A few days ago, I drove to Mr. V-'s farm. Imagine St. George's Hill, and the most beautiful bits of it, sloping gently up to Table Mountain, with its grey precipices, and intersected with Scotch burns, which water it all the year round, as they come from the living rock; and sprinkled with oranges, pomegranates, and camelias in abundance. You drive through a mile or two as described, and arrive at a square, planted with rows of fine oaks close together; at the upper end stands the house, all on the ground-floor, but on a high stoep: rooms eighteen feet high; the old slave quarters on each side; stables, &c., opposite; the square as big as Belgrave Square, and the buildings in the old French style.

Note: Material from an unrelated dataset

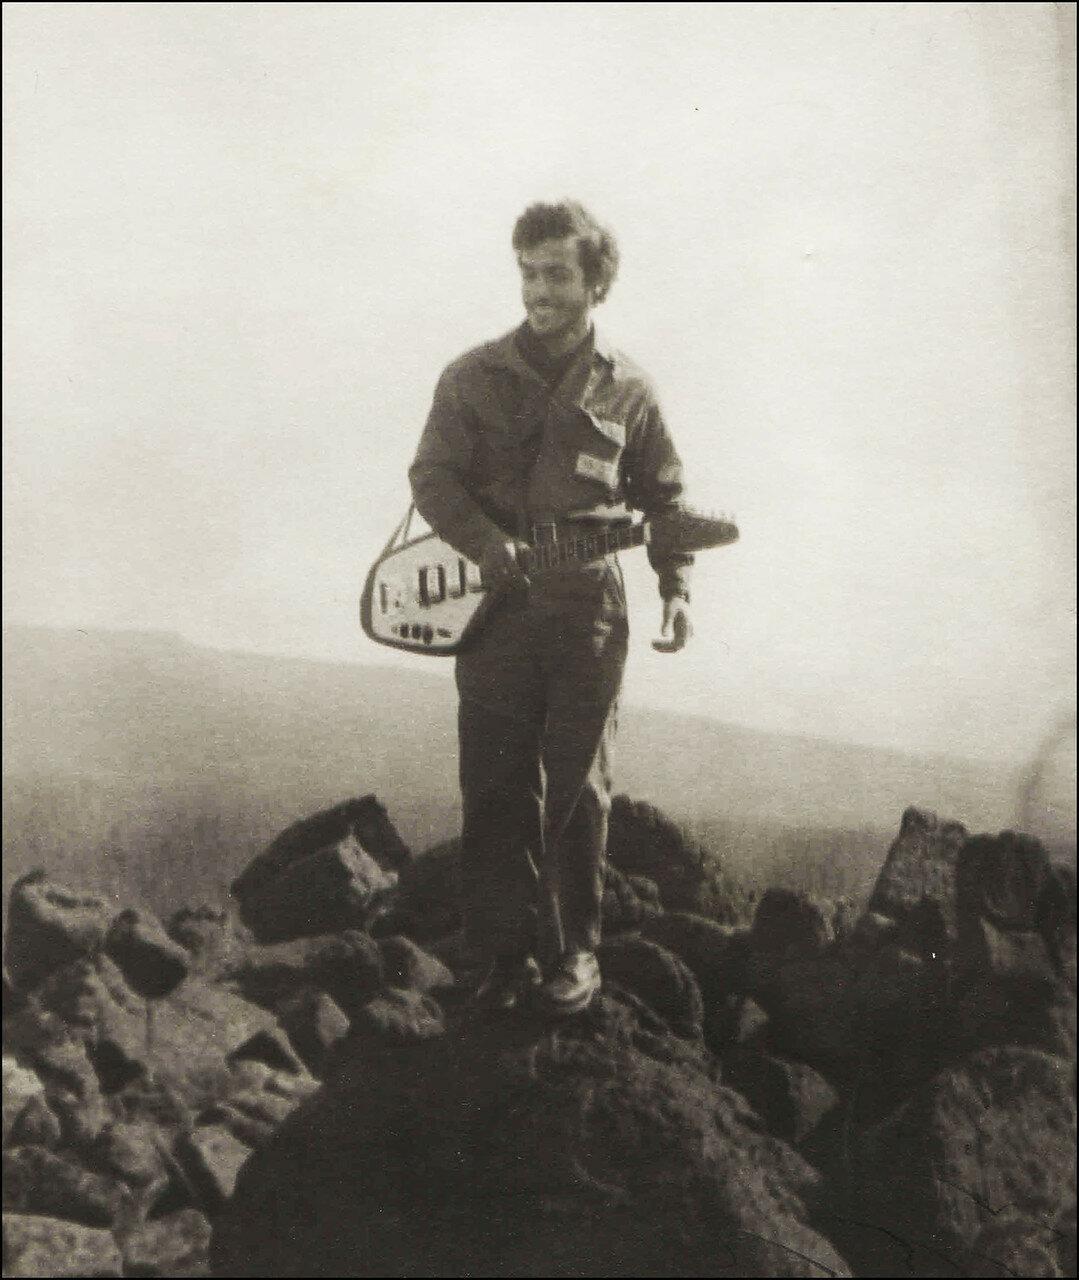 1969. Ашот Налбандян (ЭТ-66) на скалах. Якутия

We then went on to Newlands, a still more beautiful place. Immense trenching and draining going on - the foreman a Caffre, black as ink, six feet three inches high, and broad in proportion, with a staid, dignified air, and Englishmen working under him! At the streamlets there are the inevitable groups of Malay women washing clothes, and brown babies sprawling about. Yesterday, I should have bought a black woman for her beauty, had it been still possible. She was carrying an immense weight on her head, and was far gone with child; but such stupendous physical perfection I never even imagined. Her jet black face was like the Sphynx, with the same mysterious smile; her shape and walk were goddess-like, and the lustre of her skin, teeth, and eyes, showed the fulness of health; - Caffre of course. I walked after her as far as her swift pace would let me, in envy and admiration of such stately humanity.